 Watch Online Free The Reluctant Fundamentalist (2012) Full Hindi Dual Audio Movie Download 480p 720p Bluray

==

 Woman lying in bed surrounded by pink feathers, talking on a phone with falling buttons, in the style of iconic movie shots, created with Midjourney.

* * *

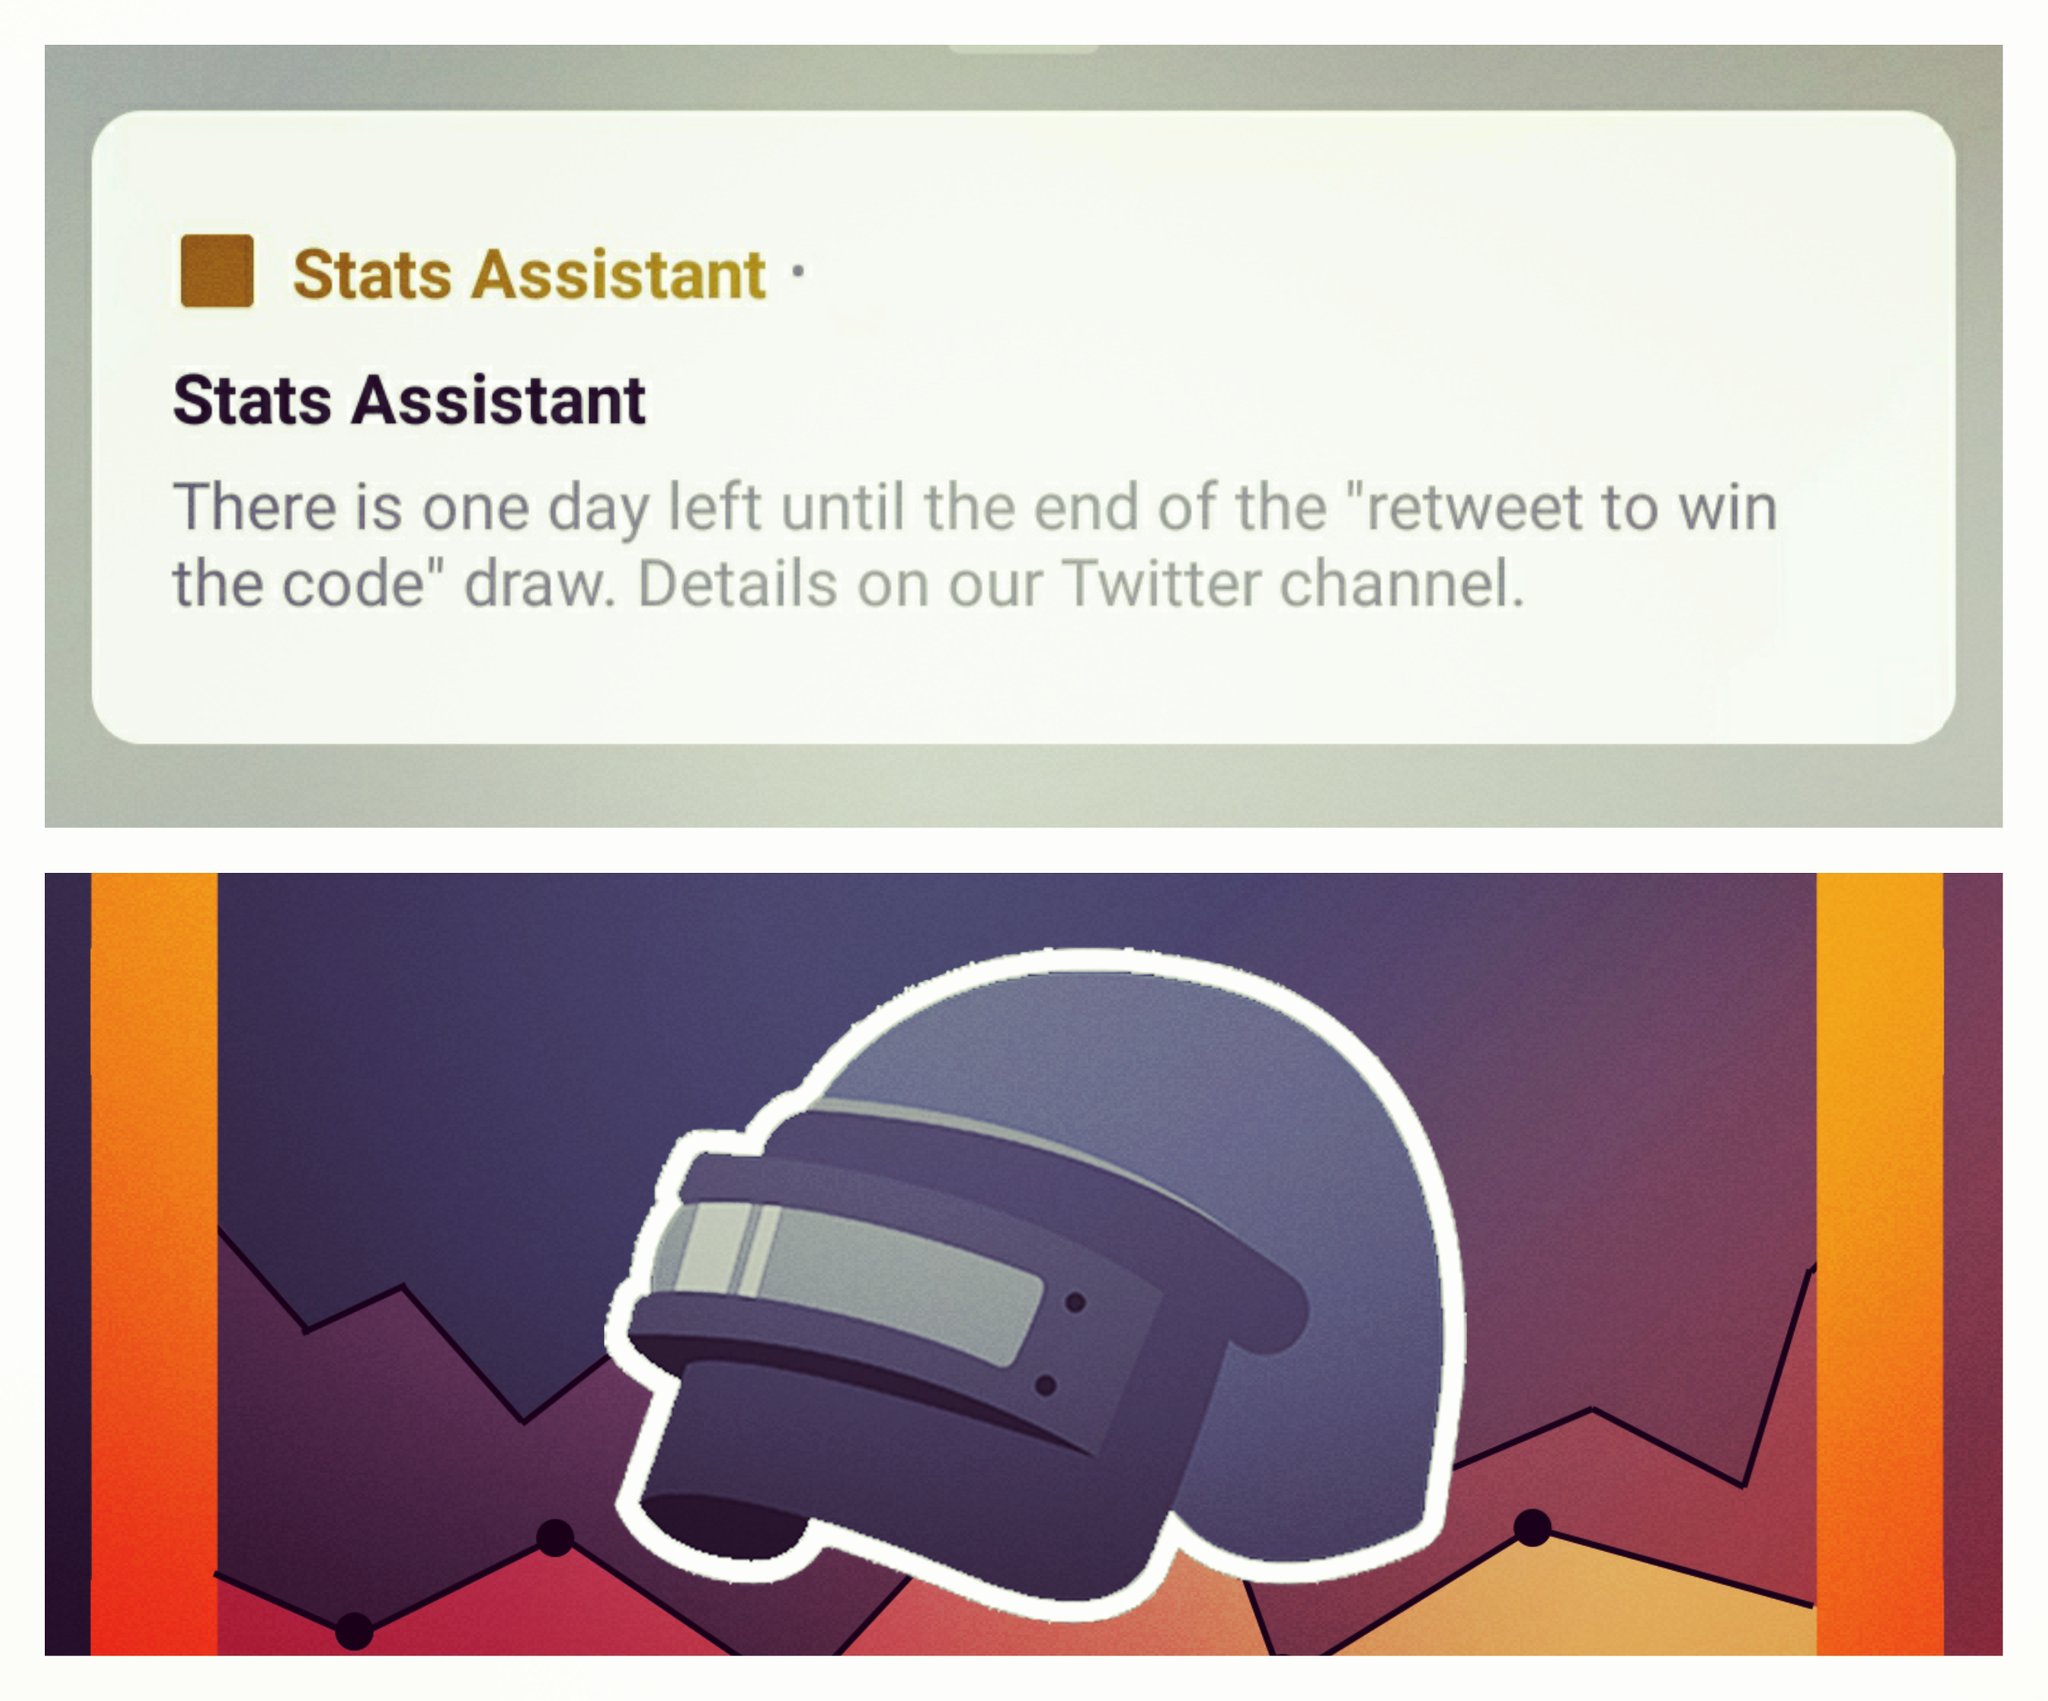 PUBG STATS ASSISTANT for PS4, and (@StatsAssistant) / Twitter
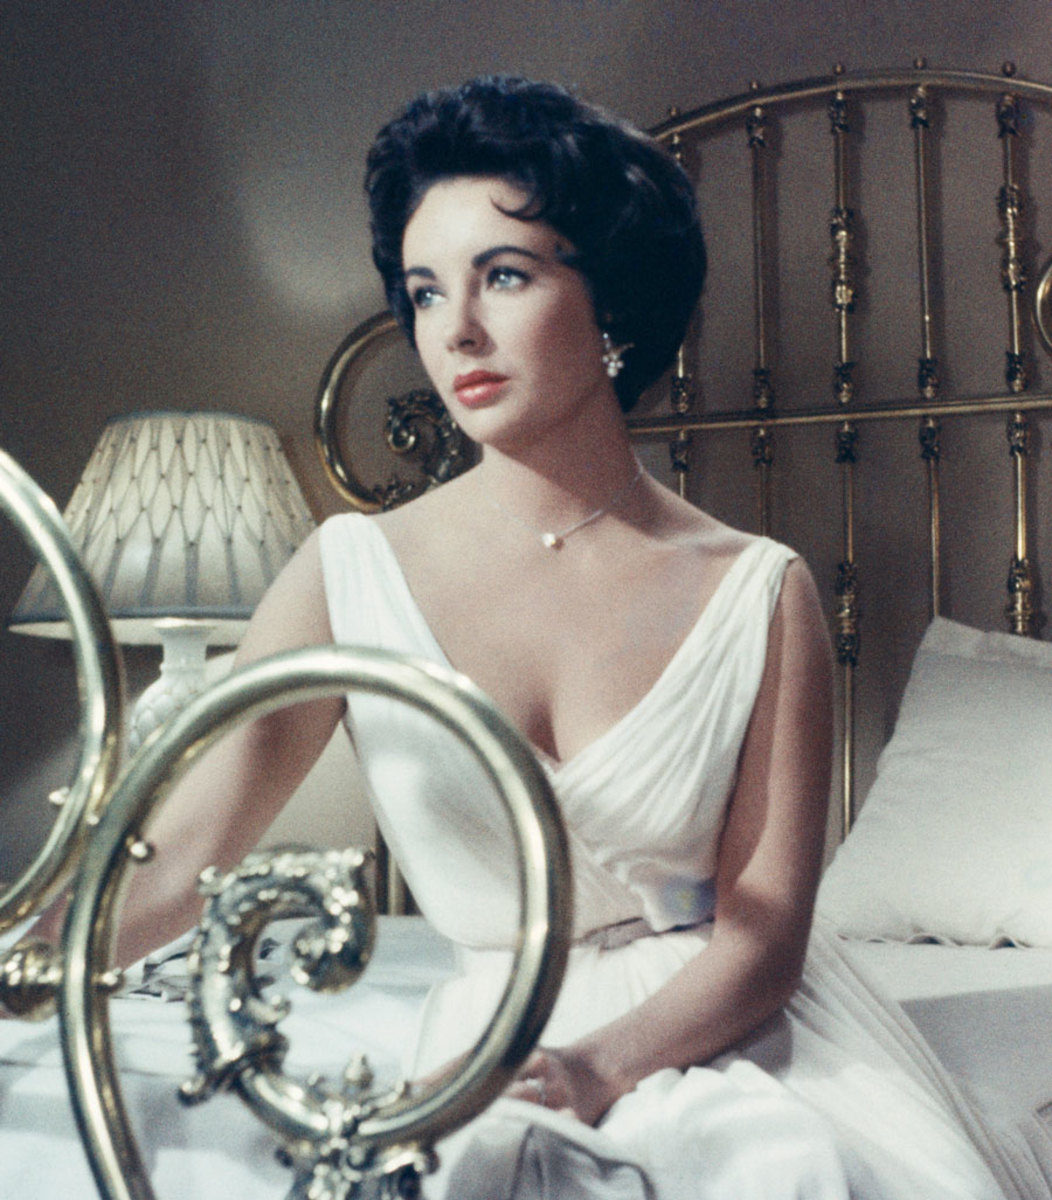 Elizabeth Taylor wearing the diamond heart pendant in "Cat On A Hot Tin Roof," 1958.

Directions for this task
Using the material above, transcribe exactly the lines from the one holding "PUBG STATS ASSISTANT" to the one holding "Elizabeth Taylor wearing", both ends kept. Do not carry over any pictures.

Reply to the task
 PUBG STATS ASSISTANT for PS4, and (@StatsAssistant) / Twitter
 Elizabeth Taylor wearing the diamond heart pendant in "Cat On A Hot Tin Roof," 1958.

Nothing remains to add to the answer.